I also visited the post office for the first time—one of the closest things to our buildings, yet I hadn’t seen it there before—the sign is in Hindi. Outside the door and on the steps sat bags of mail…I stepped over them at 4:00 today and was the only person needing help. Lucky me. After asking to be acknowledged…I am learning that’s how it works here…my big envelopes got weighed and the price was written on each. Then I asked about buying some extra stamps to put on letters to the US. And for some reason the guy then just walked away. A few people walked around me, past me, and the other guy behind the counter, who I could now see—as the first had asked me to step around--, had put his bare foot up on his desk and was scrubbing it with something. A strange scene as I stood there waiting, trying to seem nonchalant. I also noticed that there was an electric ring plugged into the wall just to the right of my feet and an old pot sat on top with a tarry substance inside. I wasn’t sure what it was until the guy came back. I asked again about individual stamps. It’s so hard to know if people understand my weird English… After some rough exchange of individual words and gestures I learned that he expected me to decide how heavy my letters were going to be. I guessed and then asked for 20 rupee stamps. After a good deal of shuffling about and flipping of pages in a stamp book and counting and recounting of stamps he produced five 20 rupee stamps and insisted that I put them immediately in my wallet so that they didn’t get mixed up with the ones that were counted out to go on my packages. He gestured that I put them on. I licked the back of the first set and they stuck but the second didn’t. I showed him and he slammed some paste down and back through the window—indicating that I should go back to the other side of the window to stick these one. I struggled to get paste out of the nearly empty bottle, got the stamps affixed and handed them back. (The tarry substance must close bigger packages). Now, let’s see how long it takes from them to arrive.

I finally got my ID today…no hassle, it was there in a stack of 20 or so. After five separate inquiries over the course of 3 weeks it somehow finally appeared—signed by the Chief Security officer, officially stamped and laminated. I had to sign next to the other photo I’d given them. So my face is in the JNU ID book for all eternity. I’m not sure now what I’ll need it for—but still it’s fun to have.

And then I headed over to the office of someone we met through Norbert’s friend Jorg’s wife. Rohan is a friendly, energetic, environmental historian who’s spent a number of years in the US (including a longish stint at Berkeley), and I was lured over to his office with the promise of a cup of coffee—as good at Peets! He’s got it figured out—the coffee making in Delhi, I mean. He’s found a very good coffee distributor, Devan’s, and he gave me their card. There he also buys filters. He has one of those handy plastic cones that you set on top of a mug and then set a filter in it. Then he heats the water in the electric kettle that is standard in every office and home all over Britain and India. And he even offered me a dark chocolate to go along with it, “since it was my first visit.” What a treat. The only coffee I have had so far has been the occasional visit to CafĂ© Coffee Day (we’ve made it about once a week to the Vasant Arcade) and the Nescafe that I bought to try to relieve my coffee urge—which so did not work.
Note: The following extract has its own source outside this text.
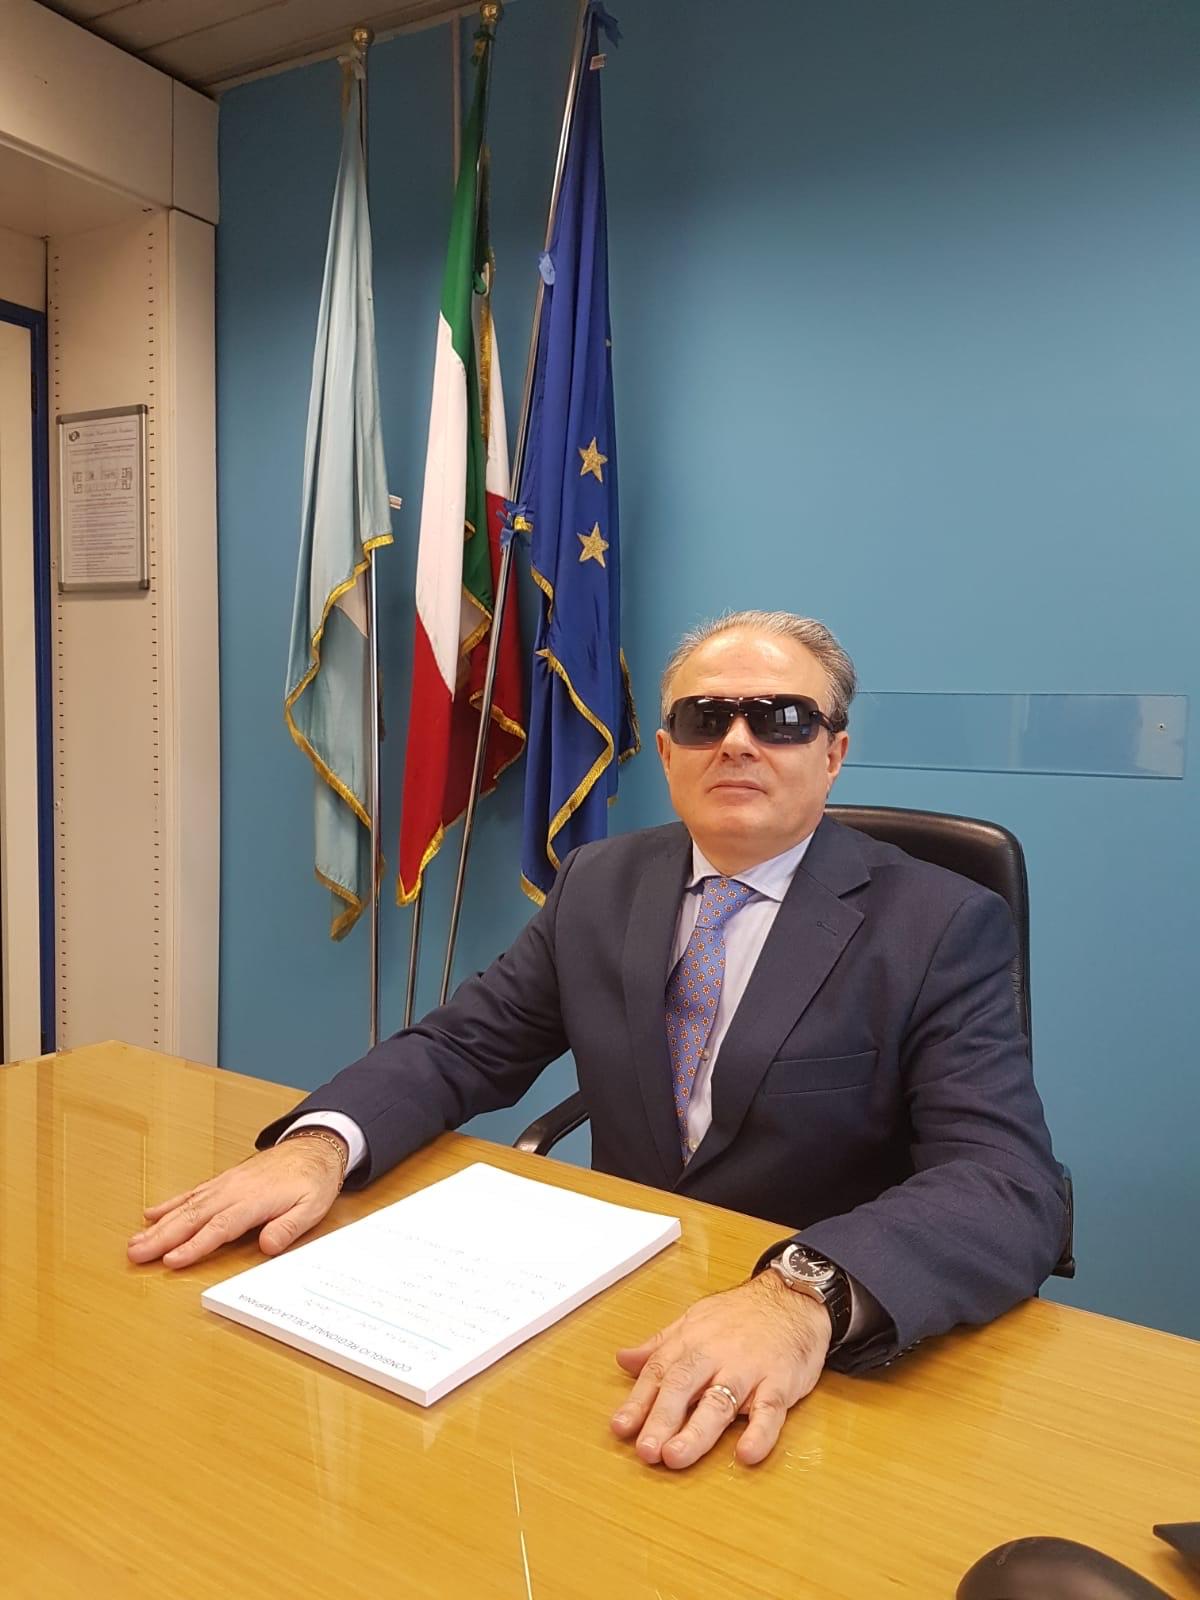 foto del Garante delle persone con disabilità della Regione Campania, avv. Paolo Colombo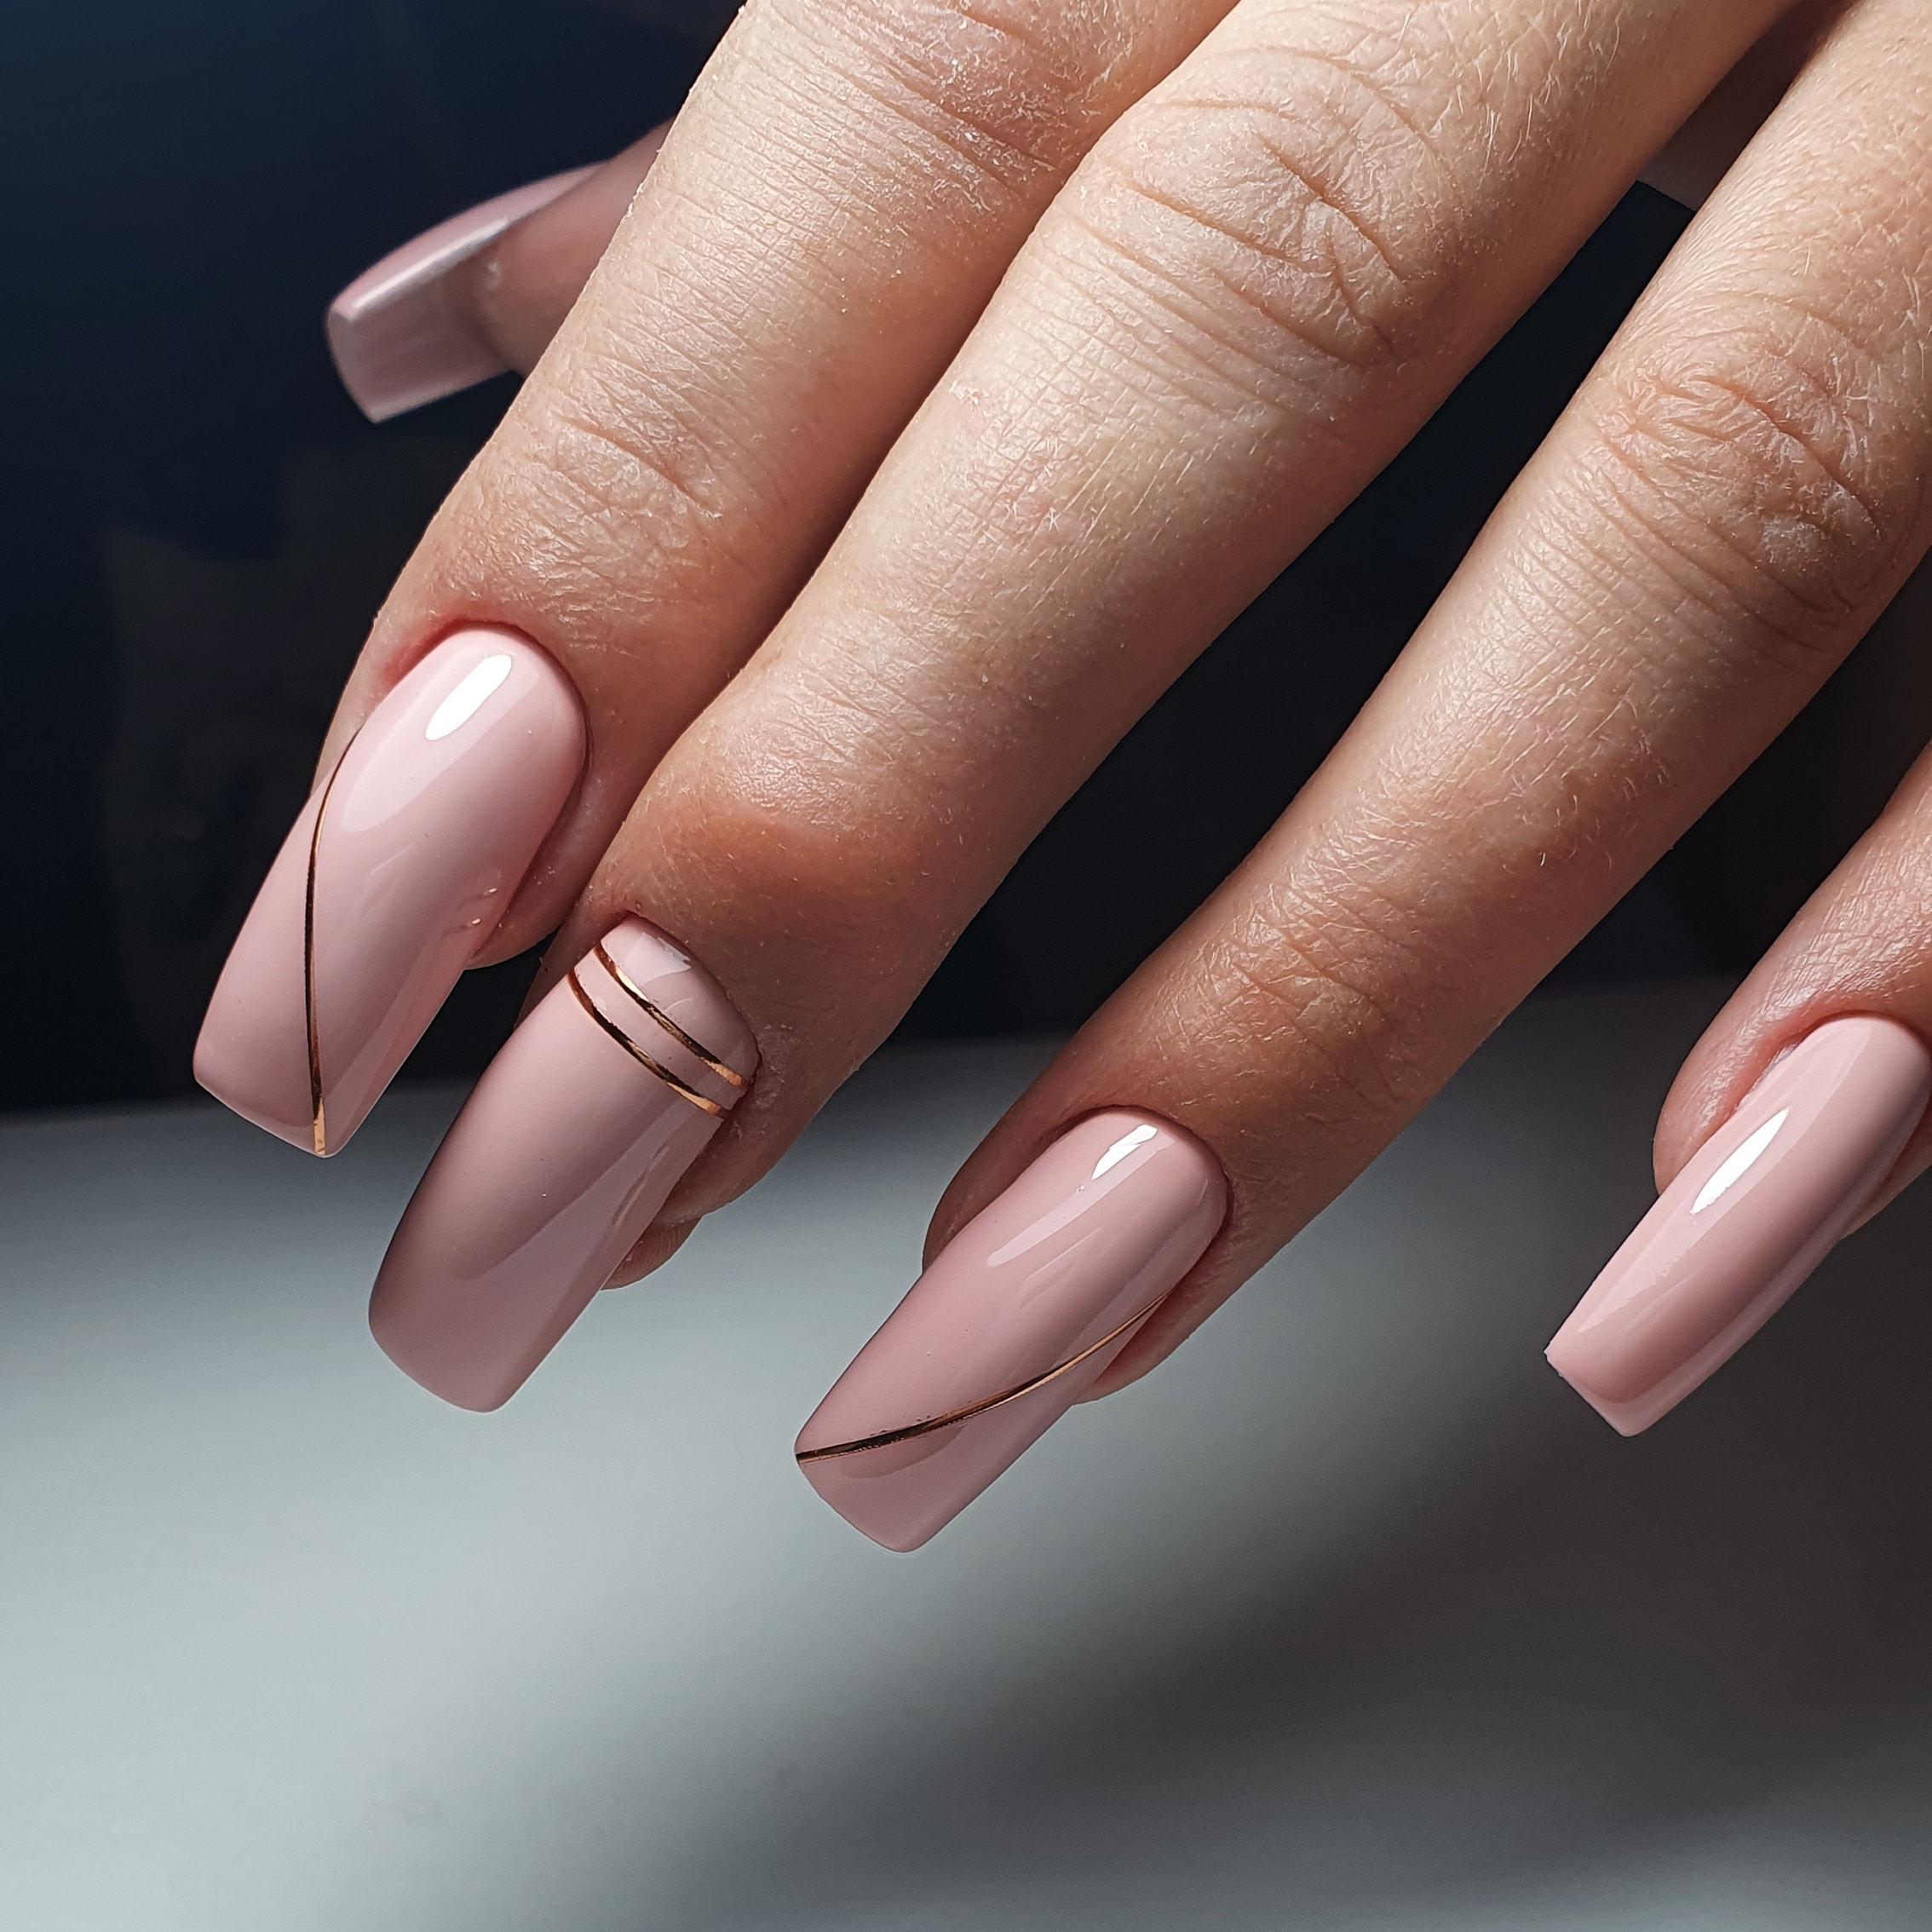 Маникюр с золотыми полосками в розовом цвете на длинные ногти.

So this was such a treat!

I sat in his office and was entertained by people coming and going. His good friend Sangeeta came in and sat down to chat. She’s just gotten a position there and is getting set up. It was interesting to hear about her frustration dealing with Indian ways—so much time “wasted” she said just chasing down people to get the apartment she’s been given (subsidized and paid for with her housing allowance) on campus “liveable.” We tried to describe what we each would consider “liveable,” as Rohan assumed that in the US if you moved into an apartment it would be “cleaned up.” I tried to explain how university housing wouldn’t necessarily be that nice—perhaps needing a paint job and new floor covering. But they seemed to think that what I’d consider “liveable” and what they would were quite different…that American’s have much higher expectations. Probably true…but hard to articulate without seeing the “unliveable” place she’s dealing with. She talked about it needing tile…but it’s hard for me to picture what that actually means. And she said that bathroom needed work, but I couldn’t quite tell what that meant either. What would she think of the bathroom we have here? The toilet leaks and there’s not really a proper shower, but it's adequate...see pic below.



She’s also trying to get her office painted because she just can’t stand the institutional yellow—and the lighting is so bad she just can’t work there. I have complained about the same things in many US university offices. While I was there she and Rohan went over to meet a painter who gave her an estimate that they both thought was robbery. They have a plan to “negotiate” with him…something Rohan thinks Indians are particularly good at…since they are constantly negotiating with service people. Americans are nervous about dealing with such things, especially when we know that the people who serve are making a miniscule wage. Here the poor are right in front of you all the time, so you learn to “negotiate” as he says. It’s true, in the US the poor are pretty invisible—shunted off in bad neighborhoods and bad schools. We often forget that they exist. Here ignoring or denying poverty is completely impossible.